3. Adjustment factors - the subdivision 4 criteria

  1. [88]
    Both parties are young and in good health (s 297). The income, property and financial resources of the parties and their earning capacities differ significantly. (s 298) I am satisfied the first respondent attempted to divest himself of substantial assets through the trust arrangement. It is clear he retains effective control of the funds. He continues to live in the Warrigal Crescent home. Whilst it is now significantly encumbered, the “trust funds” are applied to service that loan. The first respondent has not fulfilled his disclosure obligations. I am not satisfied he has fully disclosed his assets.
  1. [89]
    In contrast, the applicant has provided independent expert evidence about the value of her assets, none of which has been contested. She has been frank about her current living arrangements, by which her living expenses are reduced considerably. I cannot assume that the arrangement that she currently has with her father will extend indefinitely or that he will gift the house to her in due course. I do, however, take that current arrangement into account as an illustration of her ongoing family support.

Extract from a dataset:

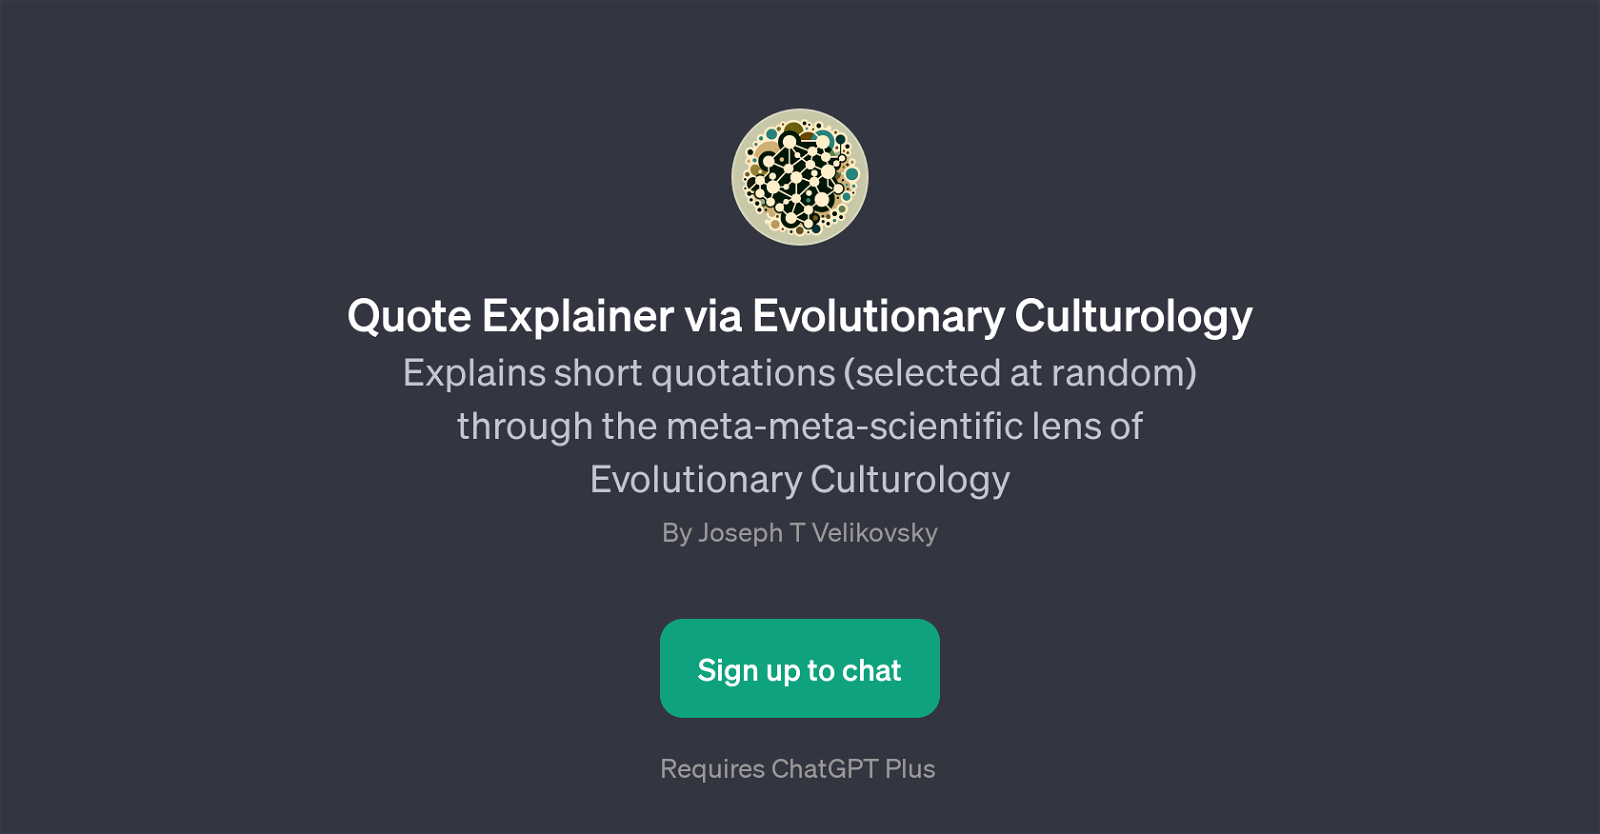 Quote Explainer via Evolutionary Culturology website

I accept that she will continue to receive the generous support of her family as she has in the past.
  1. [90]
    The parties’ earning capacities are divergent. The taxable income disclosed by the first respondent does not reflect his earning capacity. He already has a number of trade qualifications and said he expects he could earn $40,000 to $60,000 as an earth moving contractor. The applicant is qualified to work in retail or as a beauty therapist. Were she able to establish her own business as a beauty therapist, as she has done in the past, she may well be able to earn significantly more than her current income of $18,200.
  1. [91]
    The applicant’s ability to work is more significantly affected by the care arrangements for their daughter than is the first respondent. The first respondent made much of the number of nights his daughter spends with him (6). However, he has her in his care for only 5 days each fortnight, two of which fall on a weekend. 7 of the remaining 9 days, during which the applicant has the care of their daughter, are working days. This necessarily confines the applicant’s ability to earn income to a far greater extent. It also restricts her opportunity to re-establish a business.
  1. [92]
    I have already adverted to the first respondent’s approach to providing for his daughter’s welfare. His actions convey a view that he is the person best able to provide for her and that he will do so at some imprecise future point in time using the “trust funds” and the youth saver account. In determining the property adjustment order I need to consider the parties’ commitments to caring for this child whilst she is a dependant.
  1. [93]
    Whilst child care proceedings have not concluded, current arrangements place primary responsibility with the applicant. None of the evidence indicates the applicant will have less responsibility in the future. Neither has asked these proceedings be deferred until the outcome of others is known. Nor can I ignore the serious criminal charges faced by the first respondent which, if proved, would almost certainly result in a period in custody. In that event the applicant would have sole responsibility for their daughter’s care whilst he is in custody. (s 299) It is likely his ability to provide for her in the future would also be undermined.
  1. [94]
    The first respondent contributes towards the costs of child care fees and pays for swimming lessons. The applicant shares child care fees and pays private health insurance for their daughter.
  1. [95]
    I am left uncertain about the first respondent’s likely future earnings. He was unable to be specific about when he would return to employment or how much he expected to earn. I have already expressed grave reservations about the first respondent’s willingness to make financial contributions to the applicant regarding the care of their daughter. There is ample cause to doubt the level of support he will either be able, or willing to provide for the care of their daughter whilst she is with the applicant. Their daughter is only 2 years old and the applicant will have her primary care and financial responsibility for a lengthy period.
  1. [96]
    In assessing the adjustment factors, I have noted the parties’ divergent earning capacities; the greater impact on the applicant’s earning capacity; their differing levels of financial and carer responsibilities; and the age of their child. Taking the adjustment factors into account, I consider a further award of 10% of the ascertained property is justified.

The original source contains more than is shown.